Digital Factory Planning TU Braunschweig

At the end of 2017, the Institute for Advanced Industrial Management (IFU) at the renowned Technical University of Braunschweig (TU Braunschweig) commissioned Garamantis with the software engineering of an intuitive, multi-touch-based factory planning software.

A beta version was released to the public just a few weeks later. In January 2018, the full version of the software was handed over to the TU Braunschweig and has been continuously enhanced since then.

Collaborative and hands-on factory planning at multi-touch table

With this interactive planning software, the IFU has created a practical industrial management tool that is unique in the world. It facilitates the collaborative execution and evaluation of factory planning without delay. The software’s interface ensures immediate and lossless transfer of results to all connected systems for further processing. Using a 65″ Ultra HD multi-touch table, several designers can simultaneously place machines in different factory halls and try out different configuration simulations in real time to find the optimal layout. By placing capacitive markers on the table surface, images of the different machines appear in the virtual 3D planner. The configuration of the capacitive markers is not fixed; instead, the designer can select the desired model from a list that pops up when the marker is placed, thus dynamically configuring it.

Interactive planning table supports and optimizes

Once several 3D machine models have been added to the scenario and arranged, the multi-touch software provides helpful hints and suggestions for improvement, such as how to comply with regulations on minimum clearances, fire protection and industrial safety. All regulations and associated manuals, as well as the entire content of the digital plotting table, are stored in a central web-based CMS. In this way, the software ensures that the correct layout is created in accordance with all applicable regulations.

The next step in the planning process is to optimise the interaction between the machines and the sequence of operations. At the touch of a finger, material flows between individual machines can be simulated and configured. The software helps the designer realise maximum material throughput and visually identify potential bottlenecks. For example, if the throughput of one machine is significantly reduced, the factory designer will be forced to add a second machine of the same type and split the material flow between the two machines to maximise the total throughput in the processing chain. Only when all of the software’s notifications, suggestions and warnings have been properly addressed is the factory design process considered complete.

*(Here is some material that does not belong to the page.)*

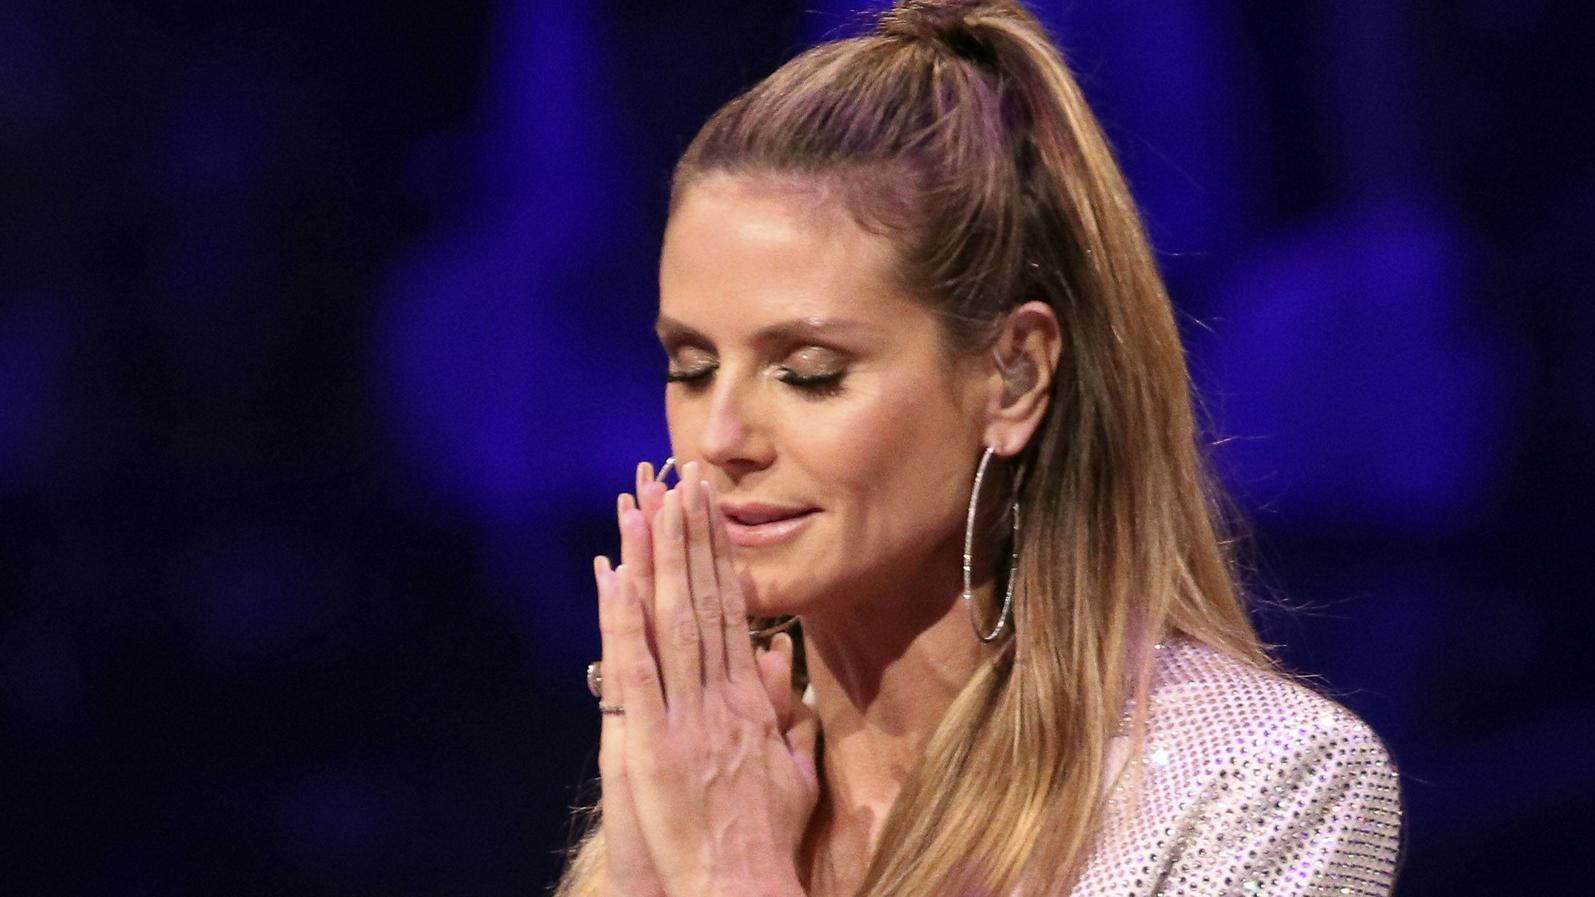 Auf Twitter hat Heidi Klum durch einen ganz bestimmten Hashtag einen Shitstorm ausgelöst.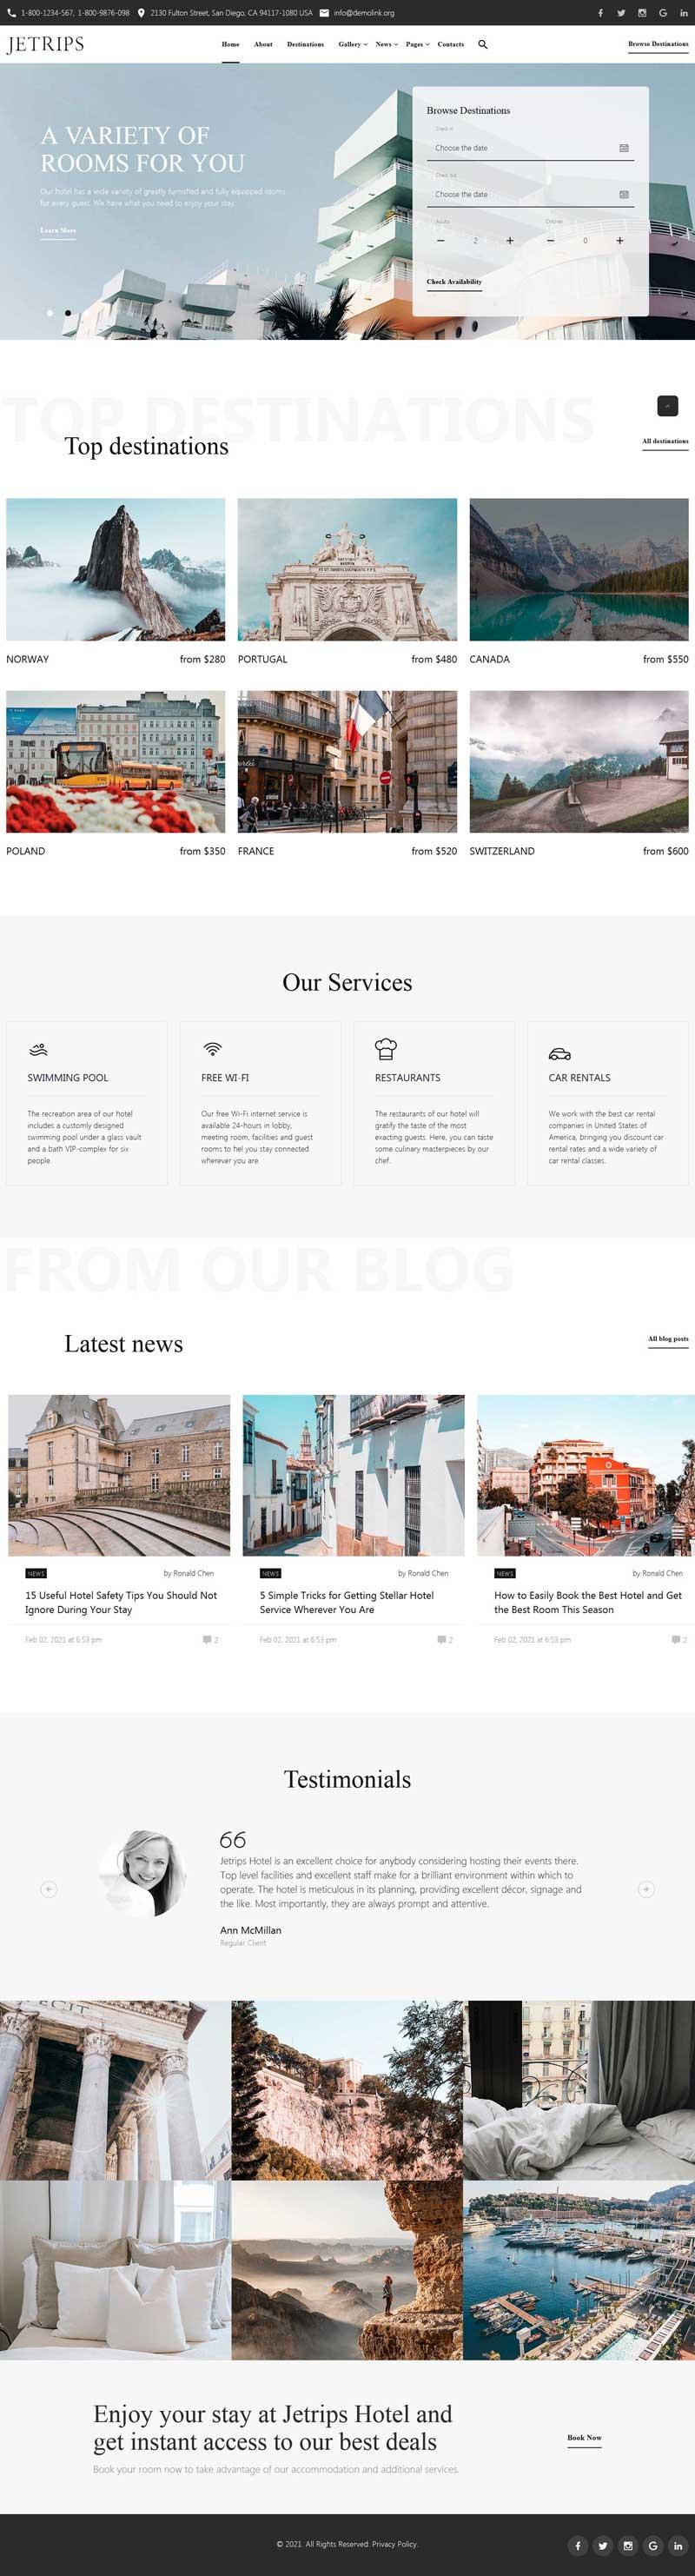 旅游度假酒店预订官网html5模板

Other elements of interactive factory planning include the integration of forklift aisles and routes, a process step that is also performed using touch gestures. Because Garamantis has designed the entire software as a true multi-user application, several people can work at the same time without getting in each other’s way.

Interactive multitouch planning software

The plotting software also has an external interface for additional data visualisation. For example, an external screen can display real-time performance data resulting from the current state of the design. This performance data includes the power consumption, noise emission, total load and material throughput of the machines used in the simulation.

Real-time virtual reality connection to the multitouch table

To make the simulated planning process as realistic and immersive as possible, the software has a VR interface. Wearing a VR headset, one of the people involved in the planning process can enter a VR environment of the factory being planned and, from this perspective, immediately assess or even influence any changes to the settings. He or she can move freely around the entire 3D model of the factory and even use simple tools, such as a workbench, using VR controllers.

The collaboration between IFU and Garamantis shows how the synergy between the technical knowledge of factory design in conception and development on the one hand, and the software know-how in implementation on the other, can create significant added value in the form of a software tool.